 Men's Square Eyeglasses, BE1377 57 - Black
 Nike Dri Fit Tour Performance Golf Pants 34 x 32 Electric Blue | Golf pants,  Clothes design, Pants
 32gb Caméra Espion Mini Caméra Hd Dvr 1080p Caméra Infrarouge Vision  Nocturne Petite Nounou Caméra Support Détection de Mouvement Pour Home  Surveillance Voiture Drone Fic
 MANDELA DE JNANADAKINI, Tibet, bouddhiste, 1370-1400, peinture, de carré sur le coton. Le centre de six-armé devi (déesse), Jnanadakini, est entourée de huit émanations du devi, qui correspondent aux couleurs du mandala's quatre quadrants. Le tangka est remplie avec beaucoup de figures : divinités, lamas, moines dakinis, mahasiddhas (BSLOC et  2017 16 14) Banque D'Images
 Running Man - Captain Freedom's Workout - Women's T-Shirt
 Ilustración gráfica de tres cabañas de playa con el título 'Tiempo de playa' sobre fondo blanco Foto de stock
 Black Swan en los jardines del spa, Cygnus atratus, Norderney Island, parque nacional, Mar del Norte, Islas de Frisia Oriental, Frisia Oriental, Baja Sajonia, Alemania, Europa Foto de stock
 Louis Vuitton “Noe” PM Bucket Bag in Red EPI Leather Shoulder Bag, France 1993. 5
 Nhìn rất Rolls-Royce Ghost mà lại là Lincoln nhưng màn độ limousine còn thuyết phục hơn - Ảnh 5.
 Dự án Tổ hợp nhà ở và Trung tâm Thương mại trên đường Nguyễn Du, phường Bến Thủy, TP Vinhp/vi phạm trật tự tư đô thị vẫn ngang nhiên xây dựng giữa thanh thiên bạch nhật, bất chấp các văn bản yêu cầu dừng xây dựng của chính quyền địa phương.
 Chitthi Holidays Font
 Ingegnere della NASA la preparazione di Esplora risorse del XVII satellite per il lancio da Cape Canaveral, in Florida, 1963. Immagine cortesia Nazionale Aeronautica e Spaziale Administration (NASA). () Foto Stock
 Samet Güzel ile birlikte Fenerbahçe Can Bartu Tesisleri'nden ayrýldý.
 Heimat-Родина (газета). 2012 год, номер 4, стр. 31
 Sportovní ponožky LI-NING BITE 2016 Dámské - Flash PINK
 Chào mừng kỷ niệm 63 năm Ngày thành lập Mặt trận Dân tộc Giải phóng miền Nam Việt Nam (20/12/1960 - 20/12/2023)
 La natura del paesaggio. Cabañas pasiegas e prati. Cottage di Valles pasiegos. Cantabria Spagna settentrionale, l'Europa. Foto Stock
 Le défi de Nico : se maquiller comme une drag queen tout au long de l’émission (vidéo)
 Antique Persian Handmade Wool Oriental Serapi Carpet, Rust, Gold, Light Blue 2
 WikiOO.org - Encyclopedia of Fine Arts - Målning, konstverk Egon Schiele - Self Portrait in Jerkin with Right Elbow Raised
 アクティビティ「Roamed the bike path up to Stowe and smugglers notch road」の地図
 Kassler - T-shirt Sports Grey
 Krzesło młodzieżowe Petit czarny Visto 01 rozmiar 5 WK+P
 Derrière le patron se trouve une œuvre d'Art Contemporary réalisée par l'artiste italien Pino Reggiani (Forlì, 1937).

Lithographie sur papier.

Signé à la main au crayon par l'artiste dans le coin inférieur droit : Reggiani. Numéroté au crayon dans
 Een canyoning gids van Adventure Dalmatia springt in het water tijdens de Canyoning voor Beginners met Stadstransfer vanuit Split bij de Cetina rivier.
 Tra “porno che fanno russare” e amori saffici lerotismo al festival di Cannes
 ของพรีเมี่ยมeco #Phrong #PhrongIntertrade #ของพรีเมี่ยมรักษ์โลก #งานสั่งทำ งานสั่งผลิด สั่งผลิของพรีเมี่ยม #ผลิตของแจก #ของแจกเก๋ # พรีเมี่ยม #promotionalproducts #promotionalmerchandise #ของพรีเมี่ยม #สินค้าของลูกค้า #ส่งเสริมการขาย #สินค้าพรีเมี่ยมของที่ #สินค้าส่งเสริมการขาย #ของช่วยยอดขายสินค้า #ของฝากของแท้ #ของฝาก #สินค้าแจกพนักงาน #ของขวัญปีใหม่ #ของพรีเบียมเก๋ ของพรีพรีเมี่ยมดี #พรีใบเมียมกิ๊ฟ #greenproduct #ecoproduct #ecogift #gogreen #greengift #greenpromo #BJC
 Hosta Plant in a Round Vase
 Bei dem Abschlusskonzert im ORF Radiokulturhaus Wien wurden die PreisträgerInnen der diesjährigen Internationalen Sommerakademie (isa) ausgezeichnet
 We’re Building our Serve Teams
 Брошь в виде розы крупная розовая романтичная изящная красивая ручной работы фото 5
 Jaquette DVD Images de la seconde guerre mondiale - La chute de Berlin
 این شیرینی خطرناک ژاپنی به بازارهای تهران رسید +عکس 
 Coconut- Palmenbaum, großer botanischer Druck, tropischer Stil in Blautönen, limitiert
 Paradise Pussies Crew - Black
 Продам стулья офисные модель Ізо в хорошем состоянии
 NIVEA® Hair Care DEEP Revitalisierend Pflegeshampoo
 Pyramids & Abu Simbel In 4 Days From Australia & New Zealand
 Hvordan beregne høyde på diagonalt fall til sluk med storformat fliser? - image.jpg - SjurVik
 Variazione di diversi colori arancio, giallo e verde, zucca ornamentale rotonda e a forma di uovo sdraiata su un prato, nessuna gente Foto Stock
========
:: Task details ::
Print, from the entries above, the line with "WikiOO.org - Encyclopedia", the line with "festival di Cannes" and all lines between them, exactly and with nothing else.

:: Solution to this task ::
 WikiOO.org - Encyclopedia of Fine Arts - Målning, konstverk Egon Schiele - Self Portrait in Jerkin with Right Elbow Raised
 アクティビティ「Roamed the bike path up to Stowe and smugglers notch road」の地図
 Kassler - T-shirt Sports Grey
 Krzesło młodzieżowe Petit czarny Visto 01 rozmiar 5 WK+P
 Derrière le patron se trouve une œuvre d'Art Contemporary réalisée par l'artiste italien Pino Reggiani (Forlì, 1937).

Lithographie sur papier.

Signé à la main au crayon par l'artiste dans le coin inférieur droit : Reggiani. Numéroté au crayon dans
 Een canyoning gids van Adventure Dalmatia springt in het water tijdens de Canyoning voor Beginners met Stadstransfer vanuit Split bij de Cetina rivier.
 Tra “porno che fanno russare” e amori saffici lerotismo al festival di Cannes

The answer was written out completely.